In addition, decision processor 344 generates and transmits device queries in the form of messages to database 352. In response, database 352 generates a device response in the form of message back to decision processor 344. Similarly, decision processor 344 generates and transmits verification queries in the form of messages to plug in module 342. In response, module 342 generates a verification response in the form of a message back to decision processor 344. Plug in module 342 generates and transmits verification queries in the form of messages to a monitored device 314. In response, monitored device 314 generates a verification response in the form of a message back to plug-in module 342.
Decision engine 334 may be implemented in the C programming language for the Linux operating system, or with other languages and/or operating systems. Decision engine 334 primarily functions to accept messages, check for problem(s) identified in the message, and attempts to correct the problem. If the problem cannot be corrected the decision engine 334 opens a “case”. In the illustrative embodiment, decision engine 334 may be implemented as a state-machine created within a database structure that accepts messages generated by events such as traps and changes state with messages. If the decision engine reaches certain states, it opens a case. The main process within the decision engine state-machine polls a message queue and performs the state transitions and associated tasks with the transitions. Events in the form of decision requests are processed by the decision engine/virtual state-machine. The decision module/virtual state-machine processes the request and initiates a verification query. The verification response to the verification query is processed by the decision module/virtual state-machine. Based on the configuration of the decision module/state-machine the decision module/state machine initiates a case management module case request. Events are polls, traps, and threshold violations generated by the status poller, fault trapper, and performance poller respectively.
As shown in
The populate module 380 creates and initializes the state machine(s) to the “ground” state for each managed object 314 whenever a user commits changes to their list of managed objects. In the illustrative embodiment, unless purposefully overridden, the populate module 380 will not overwrite the current machine state for a managed object. Otherwise, notifications could be missed. Also, the deletion of an object upon a commit results in the deletion of all state machines, timers, and variables associated with the object to prevent unused records and clutter in database 352.
The command module 382 retrieves records from the command table, performs the task defined in a database record, and, based on the result returned by the command, places a message in the message queue, i.e. the Message Table. In the illustrative embodiment, a command can be any executable program, script or utility that can be run using the system( ) library function.

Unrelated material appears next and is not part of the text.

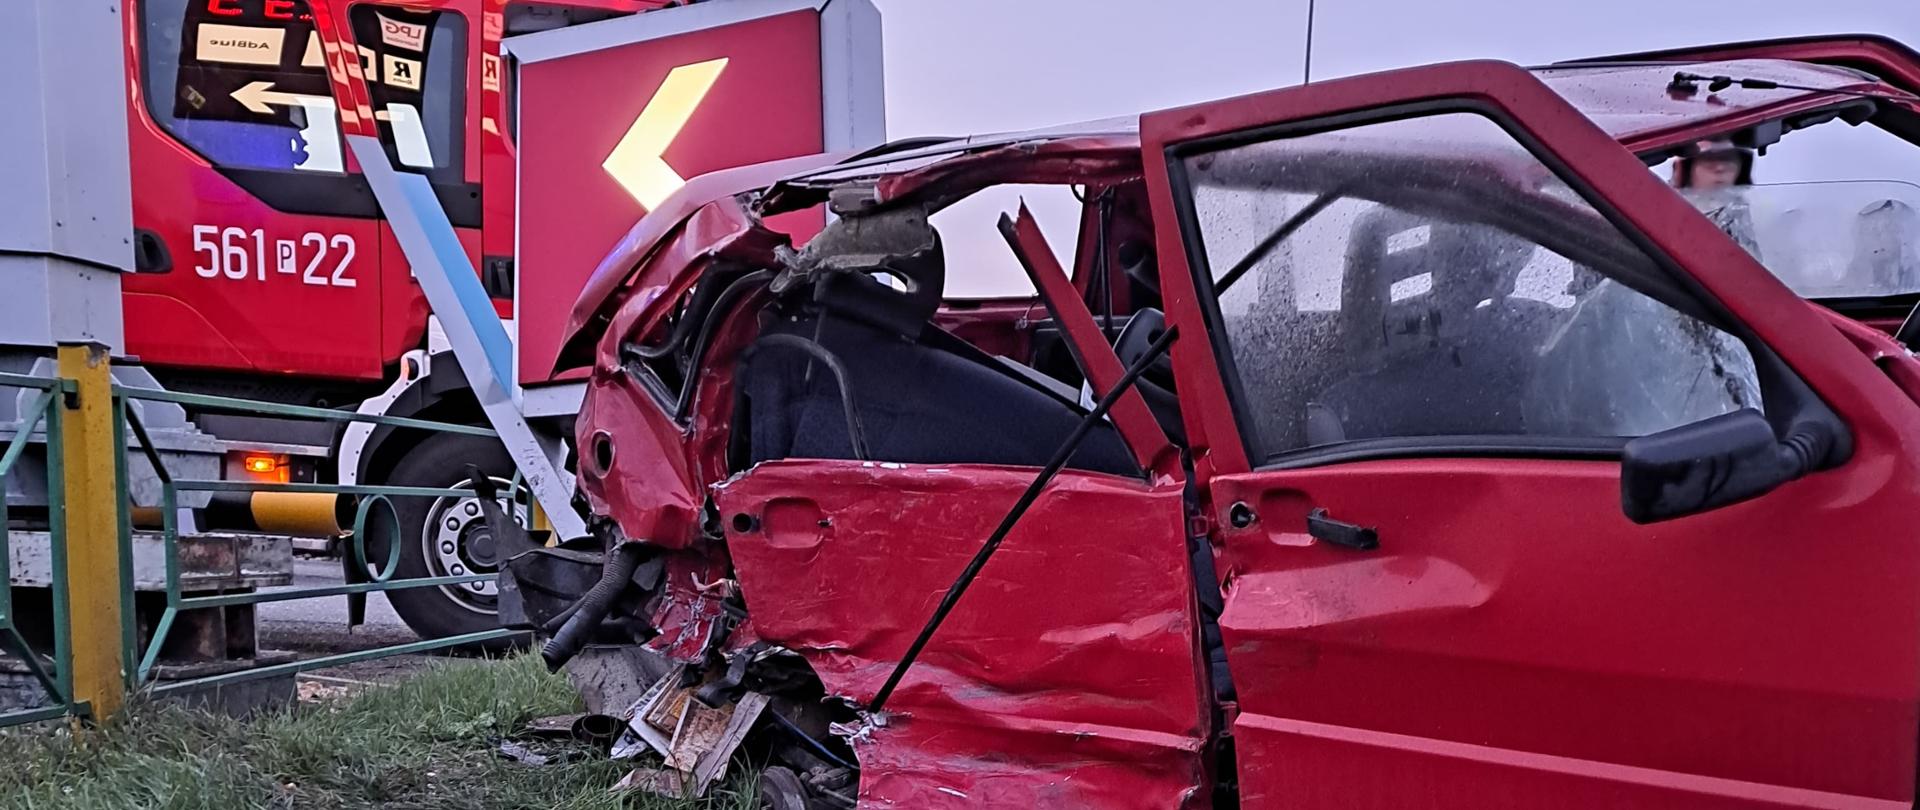 Czerwony samochód osoby ze zniszczonym bokiem stoi na uszkodzonym mostku przejazdowym za nim widoczny wóz strażacki

In illustrative embodiment, the command module 382 may be implemented in the C programming language as a function of a Decision Engine object and perform the functions described in the pseudo code algorithm set forth below in which any characters following the “#” symbol on the same line are comments:
- while TRUE loop forever retrieve the record that has been sitting in the commands_queue table for the longest period of time
use the system command (or some other as yet to be determined method) to execute the command found in the action field of the current record. The argument list for action will be build using the values found in the host, poll, instance, and argument fields of the current record, Upon completion of the command, if the message found in the message field is not blank, put the message into the message queue. #end loop forever
The decision module 384 retrieves messages from the message queue, determines which state machine the message is intended for, changes the state of the machine based on the content of the message, and “farms out” to the other modules the tasks associated with the state change. In the illustrative embodiment, a task has associated therewith a number of optional components including a type, action, arguments, condition and output message.
In order to provide additional flexibility to the arguments field of the active_timers, command_queue, and variable_queue tables, the arguments field in the transition_functions and state_functions tables may be allowed to contain patterns that can match any of the field names found in the messages table or the value of any varName field in the variables table. When a matching pattern is found it is replaced with the value from the messages table field that the pattern matches or, if the pattern matches a varName field in the variables table, the pattern is replaced with the appropriate value from the from the value field in the variables tables.
On Demand Status Poller Module
The on demand status poller module 388 retrieves records from the status_request table with a user defined frequency, e.g. every 10 seconds. The module improves efficiency by batching status requests which will all be “launched” at the same time. The retrieved status requests are “farmed out” to the appropriate poller module. The on demand status poller module 388 waits for the results of the status requests to be returned by the pollers. Based on the result, the appropriate message is inserted into the message queue.
The timer module 390 retrieves records from the active_timers table, performs the tasks defined in the record, and, upon completion of the task, puts the associated message into the message queue. Currently defined tasks include expiring a timer and clearing a timer. If present in the current timer record, a condition has to be met before the message is put into the message queue. An example condition would be “UNIX_TIMESTAMP>exp_time”, which checks to see if a timer has expired.
One or more of the above described processes or modules, including populate module 380, command module 382, decision module 384, variable module 386, on demand status poller module 388, and timer module 390, operate in conjunction to collectively perform the functions the elements of decision engine 334 and other elements of appliance 300 as noted herein.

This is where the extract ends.